Here is how they spend their time instead.

If you ask most people what CEOs do, you’ll hear various versions of “make big decisions.” The perception is that CEOs drive their companies’ make-or-break moments, like Steve Jobs’ bet on the iPhone or Jeff Bezos’ decision to expand Amazon beyond an online bookstore. But in my experience as a CEO, I’ve learned this isn’t quite true. Company success does not depend on one executive making a “ big call.” Today’s best executives make fewer decisions, not more, and instead focus on building a culture of accountability and quality decision-making throughout their organizations. If you want to scale as a leader, it’s critical to empower your employees to make effective decisions on a daily basis. Instead of making all of the decisions, you should spend your time doing these things.

Aligning on values, strategy, and ownership

First, communicate what’s important to the company so employees can use their expertise and judgment to optimize decisions. At my company Invoca, each year, we explicitly write down our vision, values, and strategic direction, so every team and individual can reference those priorities and goals when they have to make tradeoffs and tough calls.

Another important step in delegating authority is to explicitly articulate who “owns” a decision. I make five to seven big decisions a year, typically in consultation with the board of directors, on topics like business strategy (“What markets do we want to enter?”), executive hiring (“Who’s the best candidate to lead sales?”), and financing (“How much capital do we need to grow the business?”). Beyond that domain, I think of myself as an advisor, an intellectual sparring partner and sometimes a contrarian—but ideally not the decision-maker.

One of my favorite tactics is to say “this isn’t a CEO decision,” to be clear about my role in the process (you should see the looks in the room when people hear that). If I’m not making a call, I need to be conscious of my participation in a discussion to avoid swaying the outcome or betraying my assertion that the decision isn’t mine. I make an effort to speak toward the end of a discussion and ask questions as much as I provide answers.

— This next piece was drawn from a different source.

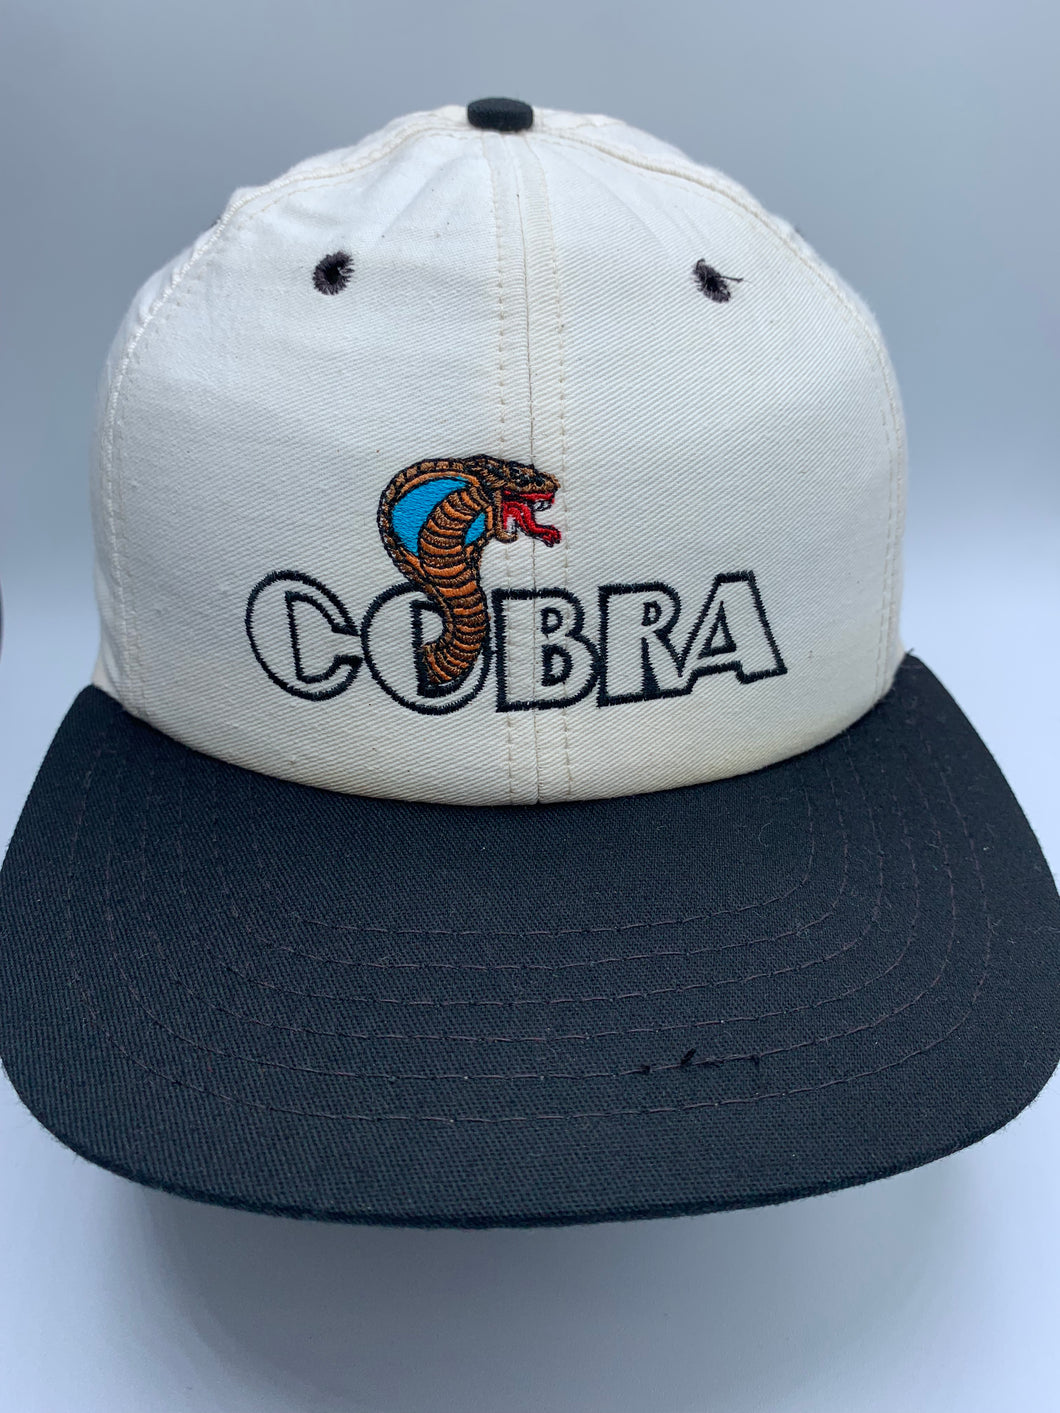 Vintage Ford Cobra Snapback Hat

Framing decisions as hypotheses

The most effective decision-makers choose a path based on the information available, then continue to collect and consider new data. Often, the simple act of making a choice provides experiential insights that are valuable regardless of the outcome.

I recommend a few tactics to encourage more flexible decision-making:

  • Use the word “hypothesis” to provide a safe space for changing course. By describing a point of view as a hypothesis, you encourage others to maintain an open mind—whereas you can almost see the intellectual battle lines harden once someone has an “answer” or has made a “decision.”
  • Think about your “data threshold” in relation to the consequences of being wrong. Jeff Bezos’ heuristic of reversible and irreversible decisions can help to gauge this threshold. For high-cost, “no going back” decisions, you need to collect a lot of data to maximize the probability of being right. The acquisition of another company, for example, is virtually impossible to reverse—so the deliberation needs to be exhaustive. But when a decision is reversible or doesn’t have a high upfront cost, you can lower the data threshold and avoid intellectual paralysis.

Blocking off rabbit holes

Good decision-making requires zeroing in on a few key pieces of information that determine the outcome. But when faced with a tough decision, it’s easy to get distracted by various other factors and feel overwhelmed by questions to the point of inaction.

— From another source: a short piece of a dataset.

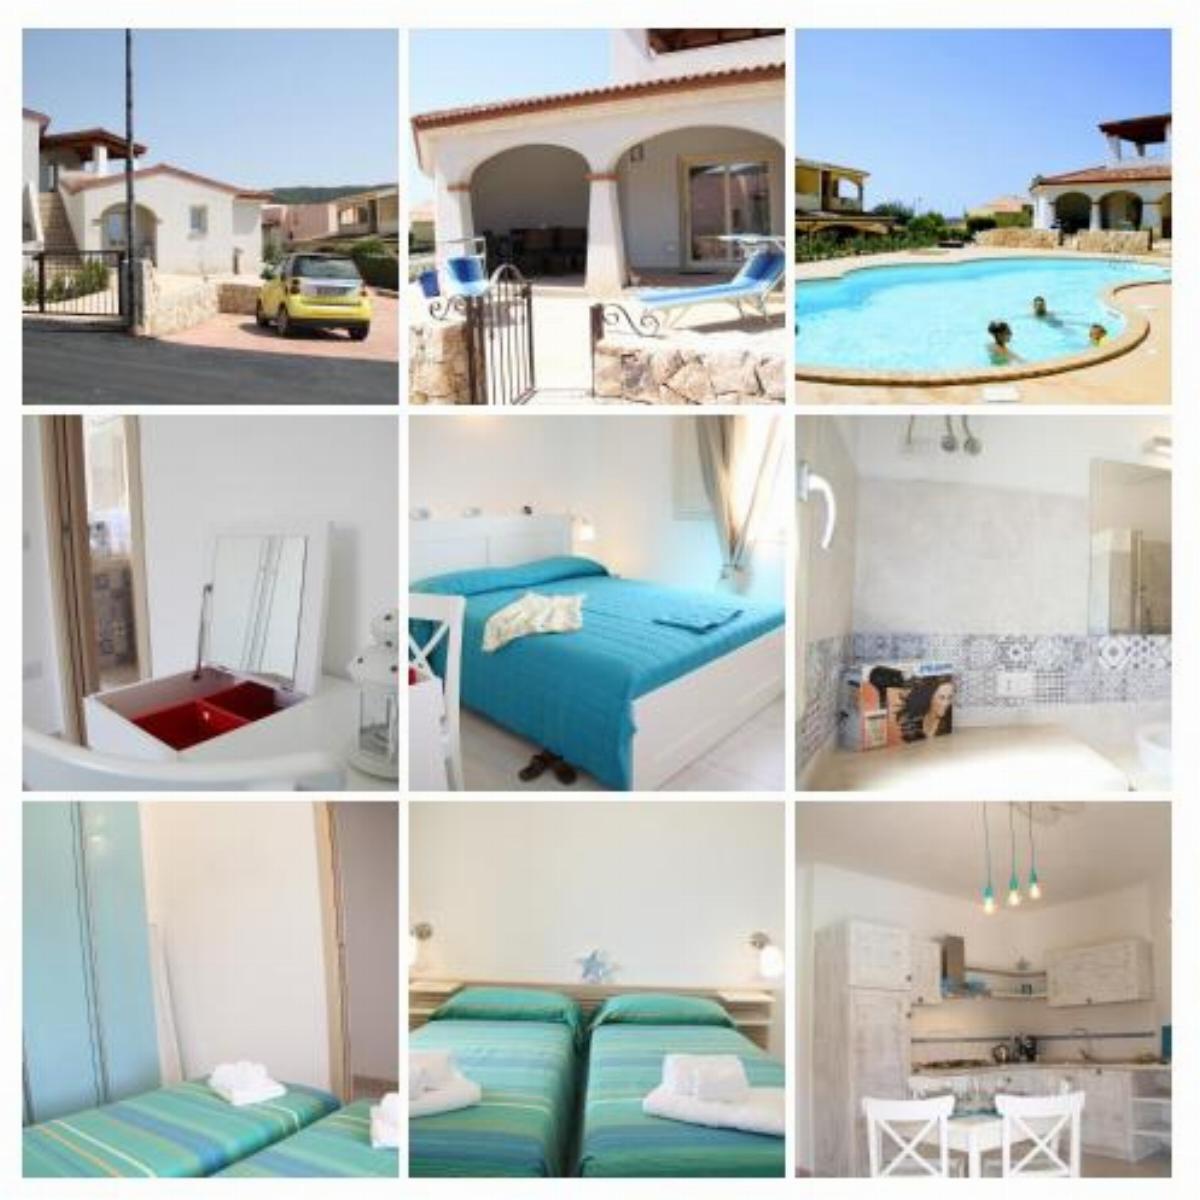 Turquoise & Wood Stylish House 23 Hotel Limpiddu Italy

Help people identify where they’re getting stuck and whether the data they’re missing is actually critical to forming a hypothesis. (Often, the unknown feels more important than it really is and takes up more mental space than it warrants.) Discuss what the decision would look like in the absence of that information.

Consider the example of releasing a new product. Predicting initial sales is often difficult, so one might spend hours forecasting and still feel stuck. Rather than focusing on the perfect forecast, make up logical outcomes and map out their likely impact. If high sales would lead to a radically different strategy than a tepid customer response, it makes sense to double-down on improving the forecast. But if the next step would be the same regardless, the projections are probably distractions rather than key drivers of your decision.

Building in a buffer

Time pressure will put your process to the test. The less time you have, the more likely you are to “save the day” by driving to an outcome—which undermines your goal of empowerment. Plan ahead by determining the “drop-dead date” for the decision and working backward to understand the steps needed to build a path to the answer. Then, add some buffer to the timeline (ideally at least 20%) so that if the decision goes off-road, you have time to course correct without taking over.

Learning and evolving

After your team makes tough calls and sees the results, don’t just evaluate the outcome. Reflect on how the process went. Look back and learn with the goal of building a company where every employee, not just the executives, is equipped to make decisions that move your organization forward.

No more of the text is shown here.